The safety and scientific validity of this study is the responsibility of the study sponsor and investigators. Listing a study does not mean it has been evaluated by the U.S. Federal Government. Know the risks and potential benefits of clinical studies and talk to your health care provider before participating. Read our disclaimer for details.
 
ClinicalTrials.gov Identifier: NCT04069468
Recruitment Status : Recruiting
First Posted : August 28, 2019
Last Update Posted : February 5, 2020
Sponsor:
Information provided by (Responsible Party):
Biocompatibles UK Ltd

Brief Summary:
The purpose of this registry study is to gather effectiveness, QoL, safety and procedural information on TheraSphere® for the treatment of participants with HCC in real world clinical practice settings in France.

Condition or disease Intervention/treatment
Hepatocellular Carcinoma Device: TheraSphere

Detailed Description:

TheraSphere® is a radioembolic therapeutic device used in the treatment of liver cancers. The goal of the registry study is to collect prospectively: participant description, treatment goal, treatment description, treatment results, safety, quality of life and survival data to ultimately demonstrate that TheraSphere® treatment meets the claims that led to the reimbursement in France. The registry study is also an opportunity to improve the proper use of the device by team training especially for the personalized dosimetry treatment approach.
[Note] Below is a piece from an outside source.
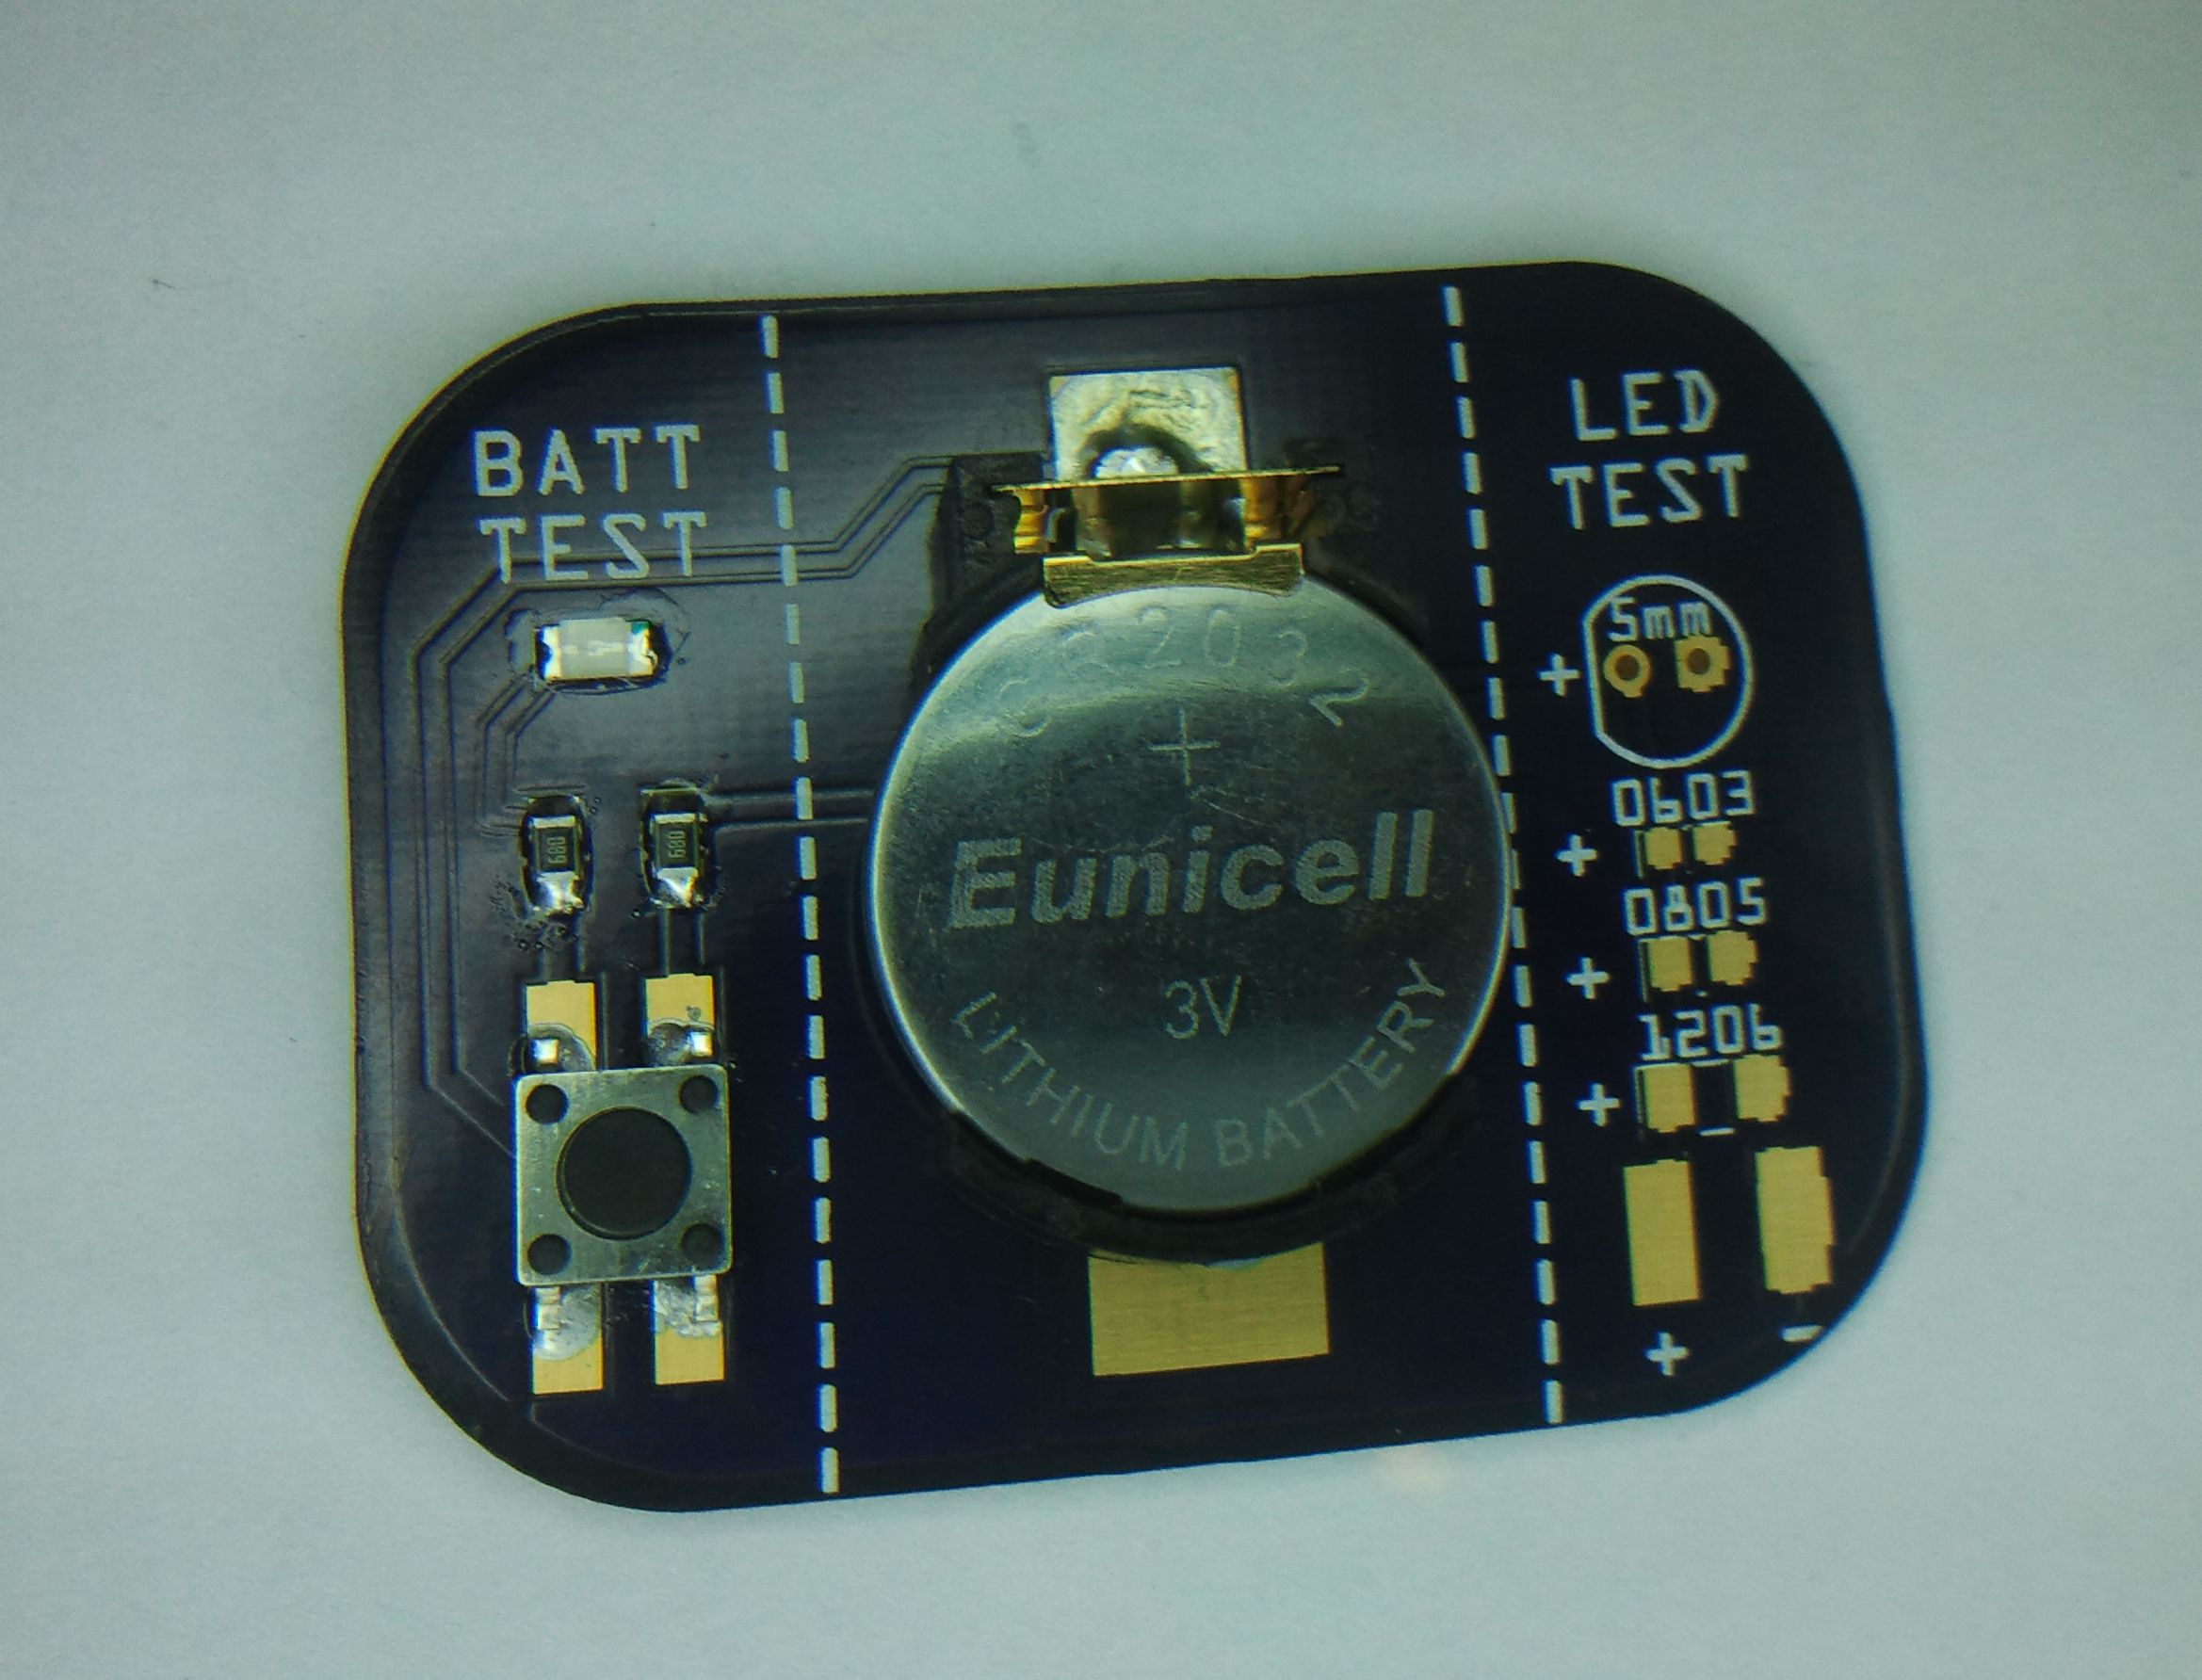 Simple SMD LED tester

Clinical data will be collected and held in a secured, validated system and can be downloaded by BTG Data Management on an ongoing basis. Data verification will be performed by BTG Data Management and data validation checks will be created by the validated data system (with the BTG team performing User Acceptance Testing on them before they go live). Adverse Events and concomitant diseases will be coded according to the version of Medical Dictionary for Regulatory Activities (MedDRA) agreed with Biocompatibles UK Ltd. Concomitant medications will be coded using the version of the World Health Organisation (WHO) Drug dictionary agreed with the validated data system.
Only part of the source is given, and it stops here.